First we look at the date column in the wide.chem.df data frame.
class(wide.chem.df$date)
## [1] "character"
head(wide.chem.df$date)
## [1] "6/24/2013 11:55" "7/22/2013 11:35" "4/8/2013 13:00" "5/6/2013 12:00"
## [5] "6/10/2013 12:20" "9/9/2013 11:25"
Right now the date column is a has the "character" class. We need to convert it to a date/time class.
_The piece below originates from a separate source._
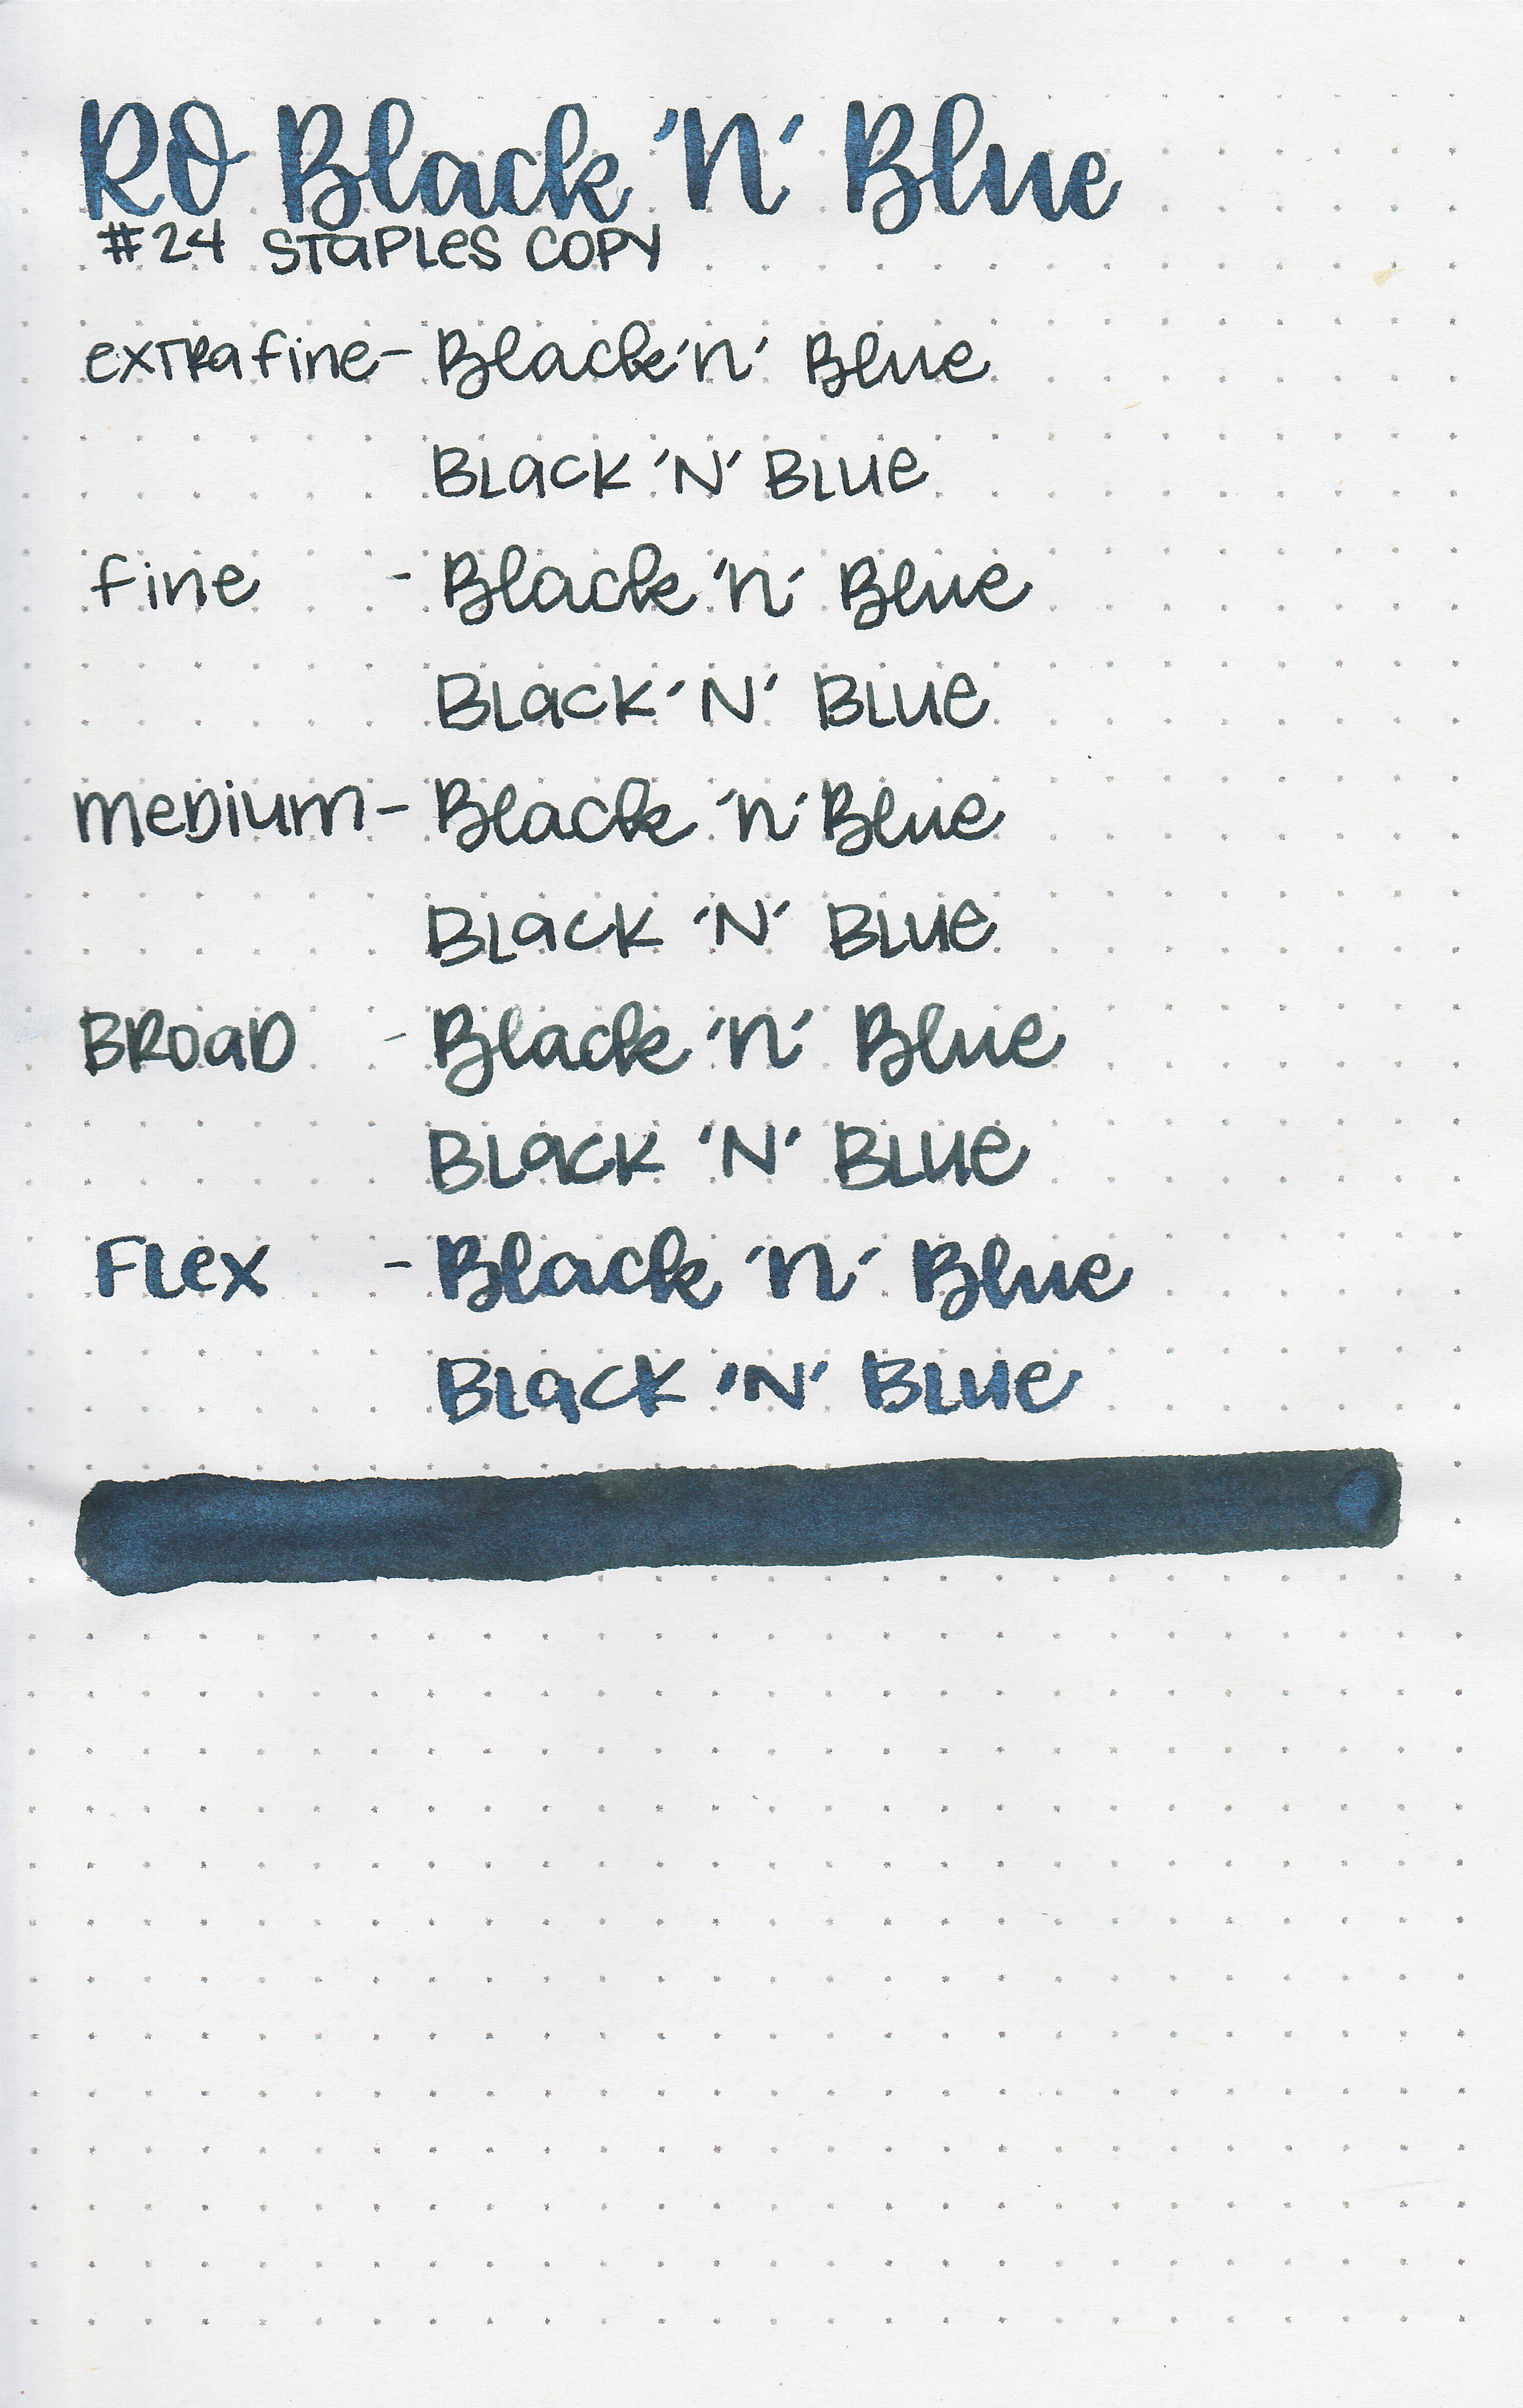 ro-black-n-blue-11.jpg

The simplest way to convert to a date in R is to use the as.Date() function. (See this site for a good overview of date and time classes in R.)
wide.chem.df$date <- as.Date(wide.chem.df$date,
format = "%m/%d/%Y %H:%M",
tz = "America/Chicago")
class(wide.chem.df$date)
## [1] "Date"
head(wide.chem.df$date)
## [1] "2013-06-24" "2013-07-22" "2013-04-08" "2013-05-06" "2013-06-10"
## [6] "2013-09-09"
Now we need to make the date column in the precip_hobart data frame the same class.
precip_hobart$Date <- as.Date(precip_hobart$Date,
tz = "America/Chicago")
class(precip_hobart$Date)
## [1] "Date"
head(precip_hobart$Date)
## [1] "2013-04-01" "2013-04-02" "2013-04-03" "2013-04-04" "2013-04-05"
## [6] "2013-04-06"
We will also need a Julian day column.
colnames(precip_hobart) <- c("date", "precipitation")
precip_hobart <- data.frame(jday = 1:dim(precip_hobart)[1], precip_hobart)
Now we’re ready to merge the precipitation data with the sampling data. We’ll use the merge() function that was introduced in this tutorial.
wide.precip.df <- merge(wide.chem.df, precip_hobart, all = T)
In part 2 of the tutorial we will use this data to create precipitation graphs.
This tutorial was created using RStudio’s R Markdown. The code can be found on GitHub.